Once in a while I’d feel a dull ache in my mouth for a day or so: that wisdom tooth chunk was swimming up to the surface, butting up against my last molar. I could feel it when I flossed. After a checkup last month (no cavities! Take that, chocolate shop!), my bestest-pal local dentist said it was safe to extract it.
Whenever I thought of this wisdom tooth fragment, the phrase “swimming up to the surface” always came to my mind. I figured it was just this rootless tooth fragment, and one day it would make its way up to the top and maybe I’d just, like, gracefully spit it out, scrub my hands, and go back to work.
Even after six years of braces, one million cavities, a screw packed with human bones drilled into my mouth, and many assorted other dental excitements, it turns out I have a very limited understanding of how the human mouth works.
So, I wasn’t nervous about this mouth surgery. I figured my dentist would just zip my gum open, delicately pluck out the tooth, sew me closed, and I’d get a free day off of work.
(Actually, I was planning on going into work later in the day until Rose, my dentist’s lovely wife and receptionist, gave me her stern look and said “So, you’re staying in bed the rest of the day, right?” and raised her eyebrow at Jacob, standing behind me, who nodded in a caretakery way. [Joke’s on them, because I have paperwork I can do in bed all day!])
My dentist suggested nitrous anyway, and, not being straight edge in any way (well, except for the whole vegan thing), I went for it. I put on my Elliott Smith and laid down, happy to have my feet up for a while. After about five minutes, I realized something:
the tooth was attached.
I started getting sweaty and weird. They always say that if I’m having any pain to raise my left hand, which I’d never done. But the room was getting spinny suddenly and I raised my hand—immediately work stopped and I blubbered,
“Wait, I just realized…this is so stupid. I just realized, um, the tooth is attached to, like, roots and stuff.”

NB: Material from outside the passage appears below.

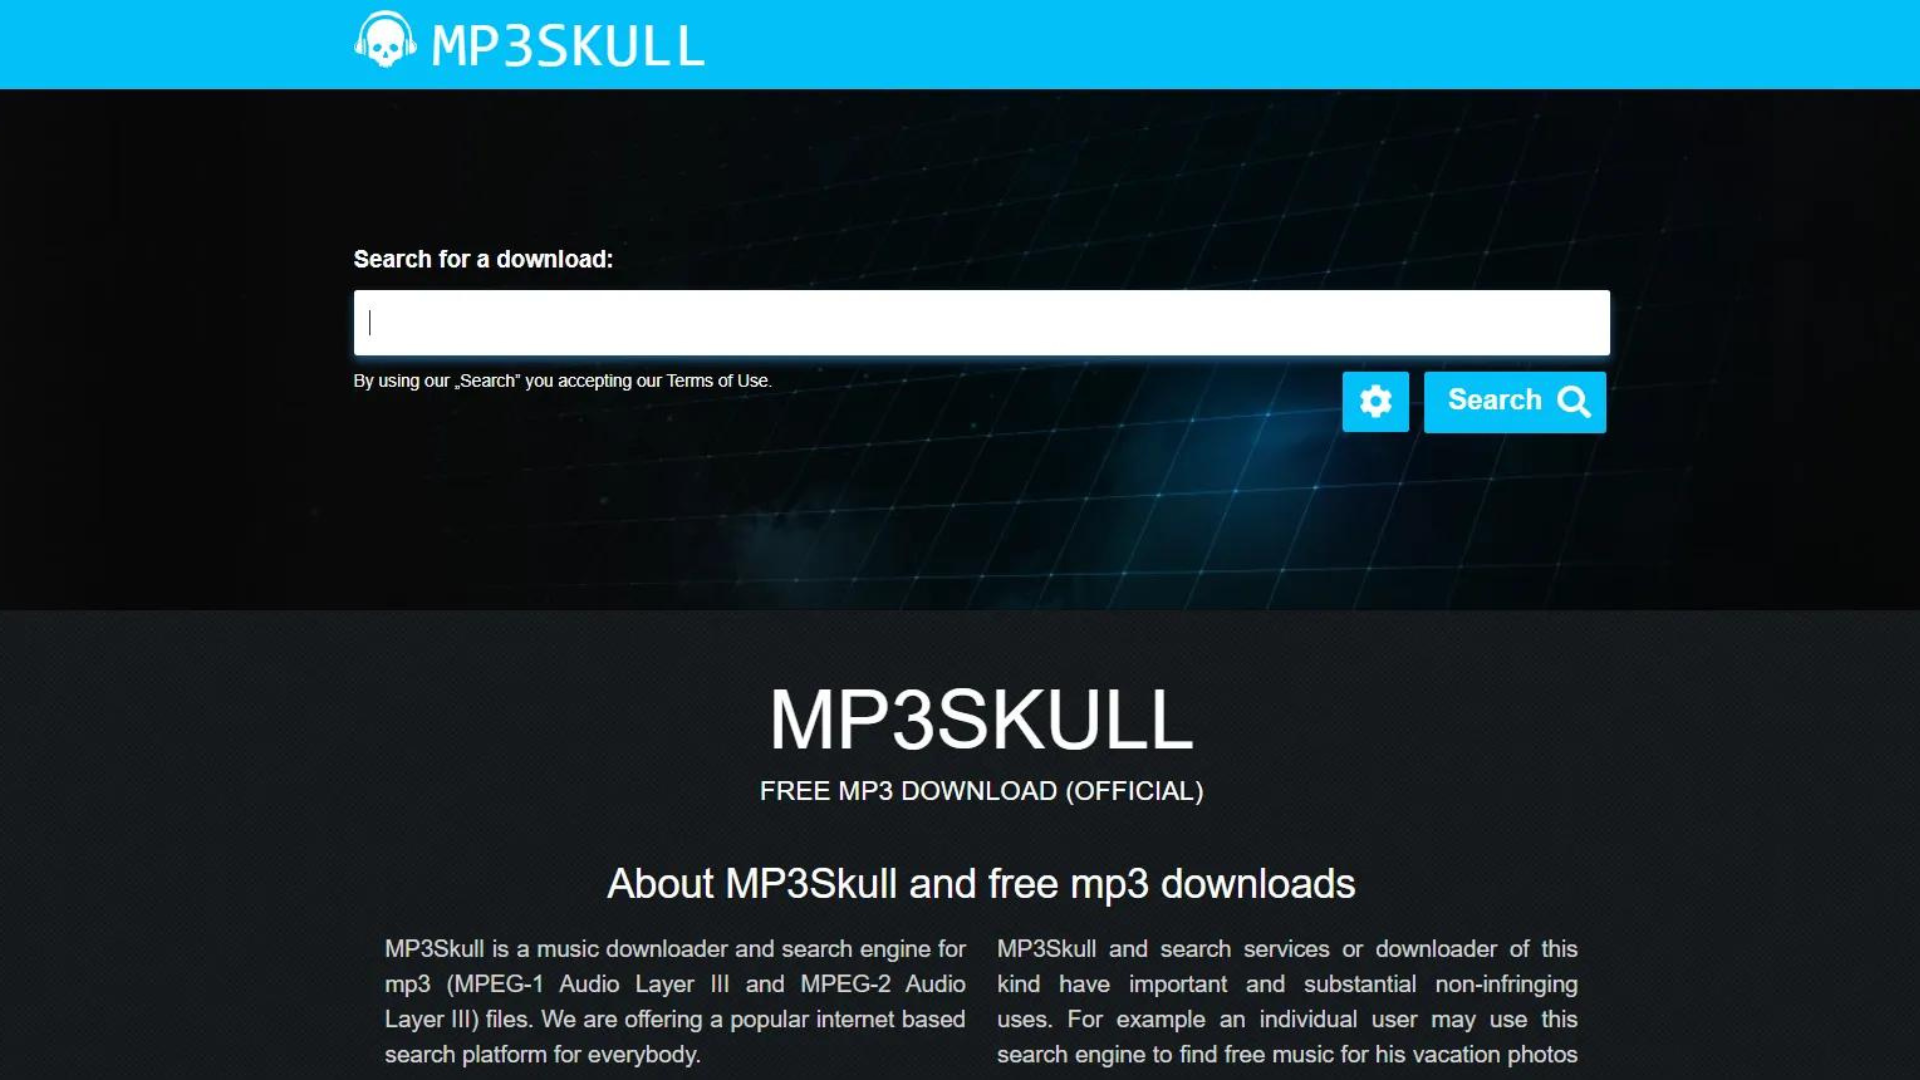 Mp3skull.com webpage with search button in the middle

“Yeah.” my dentist said. He was kind, and didn’t laugh at me. “Are you OK?”
And they went back to work.
It was a tiny thing, but I hadn’t steeled myself for a real extraction, you know? The whirring, the drilling, the blood-spit, the whole thing. But I went with the flow, and now I’m sitting in bed, with a faux ice pack (though I have a entire freezer full of ice packs at work, at home I just have tons of cat food and a bag of shiitake mushrooms in the freezer, which is now on my face.) and a Tylenol with codeine flowing through my body.
Manipulation of the body is so strange.
This blog post has no point.
Don’t you hate blog posts with no point? Ones that are just “I did this, I went here, here’s a photo”? I fucking hate that. What’s your point?? No point.
OK. Back to paperwork.
Do you want to come to this fancy dinner I’m cooking? I have four seats left for the Wednesday seating.
Want to see a photo of the tooth chunk that was in my head until this morning? After I mentioned on my blog that I found it amazing that I couldn’t take home another tooth he’d extracted, Dr. Kurek called whoever you call about these things, and found out that the rules had been changed and I could, in fact, keep pieces of my own body. How nifty!
I have others I’ve apparently illegally been granted over the years, but today’s is the little chunk on the bottom.